Serving others - Do something for someone else or better yet, make it a goal to do something

monthly or weekly for others. It could be your friends, your neighbors or co-workers, but putting

time into reflecting about someone you care about and doing something nice for them is a

powerful form of self-care. This can be a note of encouragement, a gift card or even just an

intentional compliment in public. Regardless, caring for others is not always seen as self-care but

has only positive side effects and can greatly impact your ability to increase your overall outlook

on work and life in general.

One thing that isn’t always mentioned with self-care is that it can be hard. Not everyone has the

awareness or the resources to effectively utilize self-care, and pushing people to take care of

themselves can be a touchy topic.

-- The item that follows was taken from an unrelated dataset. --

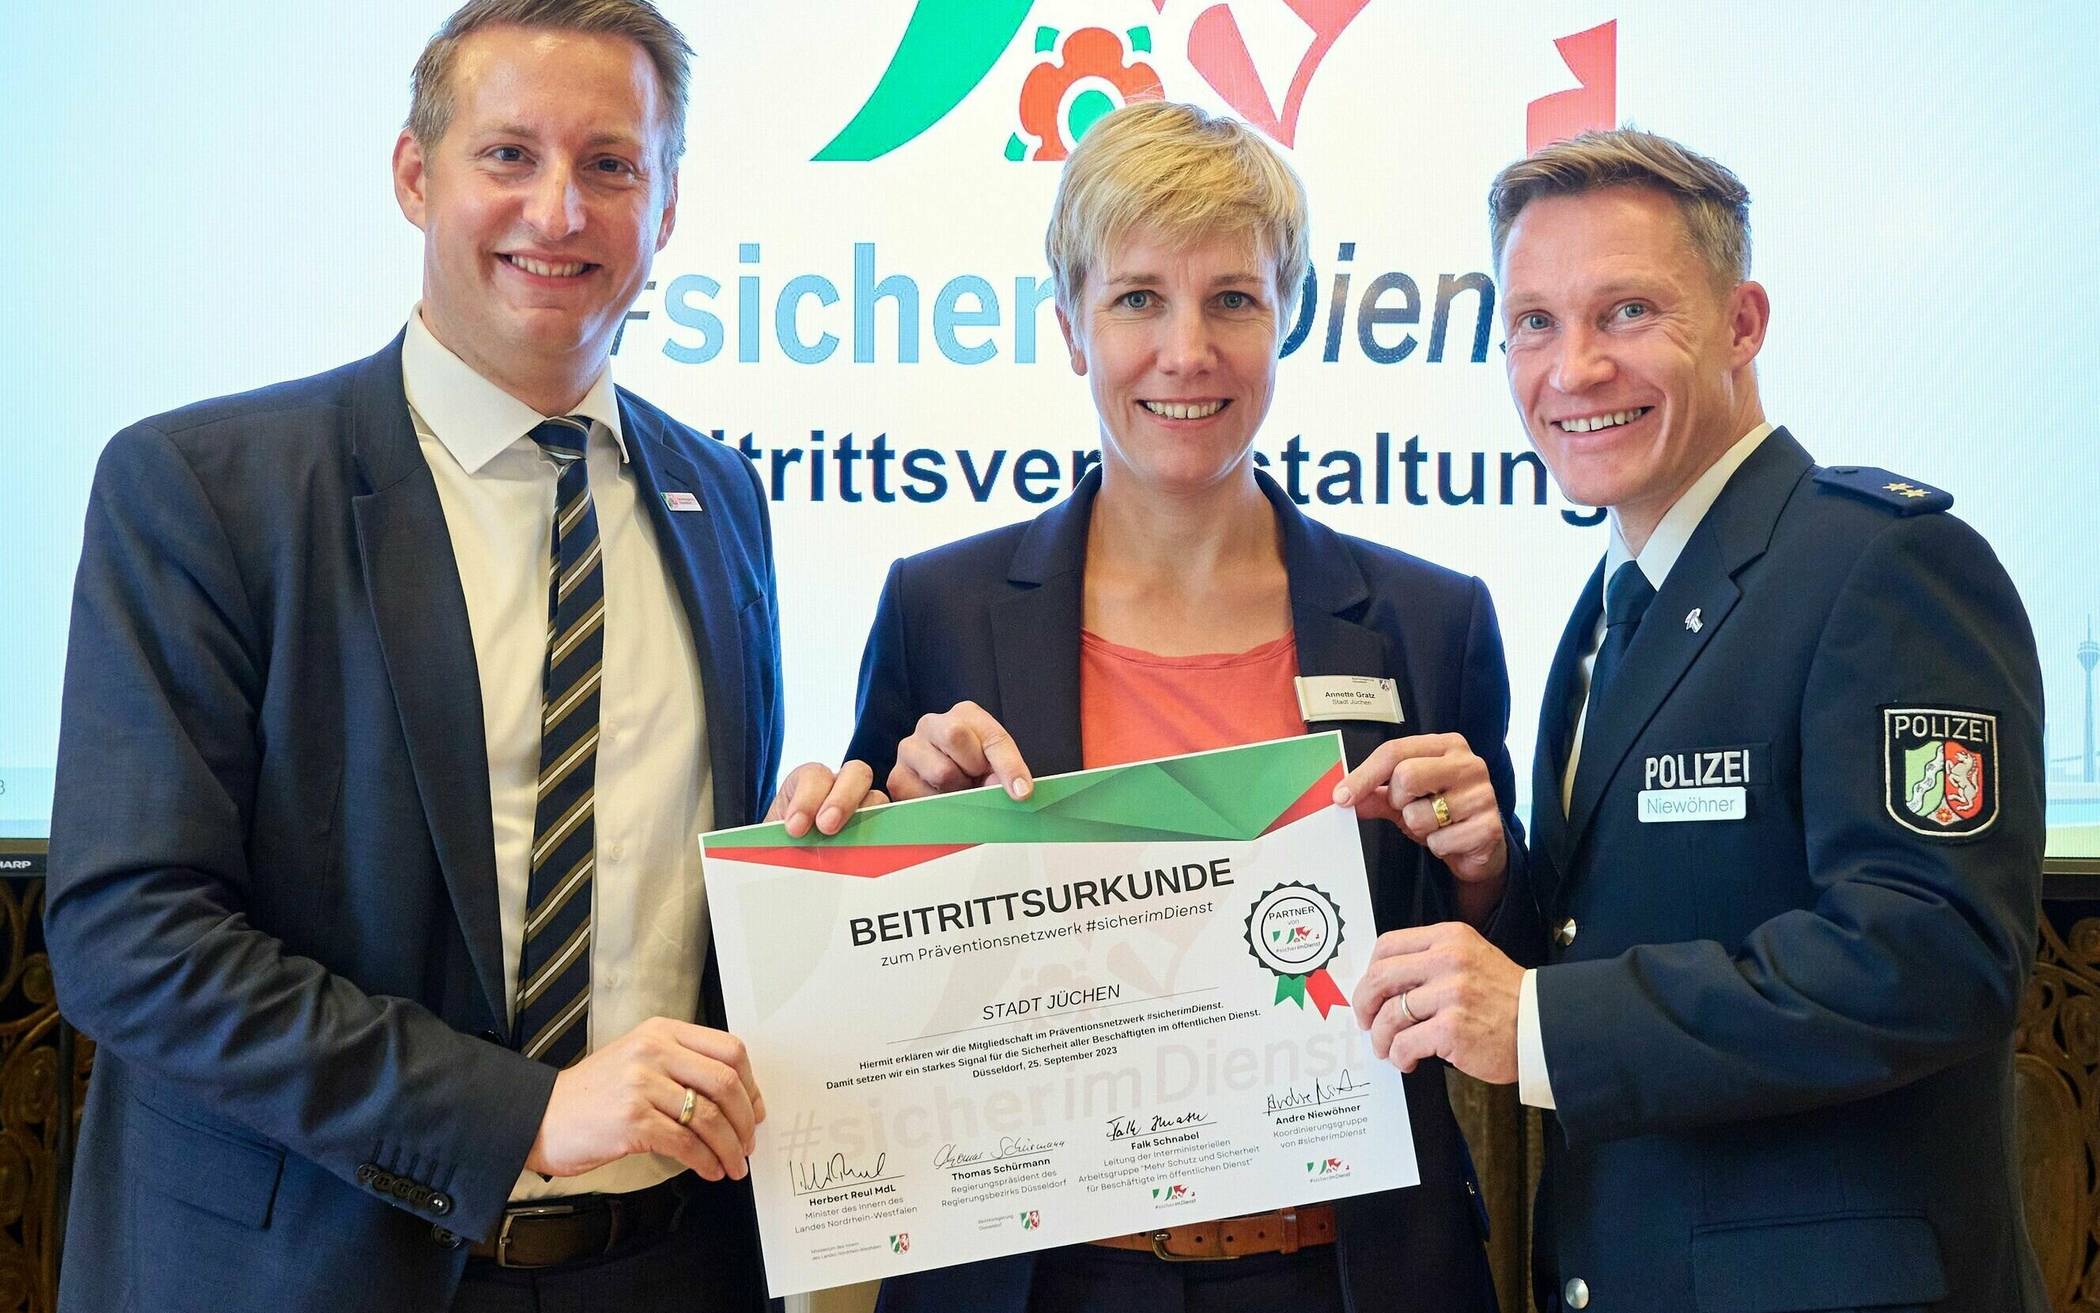  Von links: Regierungspräsident Thomas Schürmann, Jüchens Ordnungsdezernentin Annette Gratz und Polizeioberrat Andre Niewöhner.

People can be offended or hurt that you think there is

something wrong with them or have concerns about their well-being. Due to the stigma paired

with the fact that self-care just isn’t a reality for everyone, taking the initiative to motivate

someone else can also benefit your health. If you decide you are going to walk every day, invite

your co-worker and work to remove the barriers for them. Give them a ride, bring an extra water,

come with a positive attitude, save all your funny uplifting stories to share during the walk and

continue to model this consistency. Sometimes our peers just can’t get started and if self-care

comes naturally to you, work to help those around you. This can only positively affect the overall

mood in your building. This can have a contagious effect, allowing others as they grow to

positively influence those around them as well.

Bottom line, our jobs are hard and as we have learned, working around trauma can only make it

harder. Don’t let compassion fatigue overcome you. Pay attention to the signs in yourself and

others. Self-care is not extra, it’s mandatory.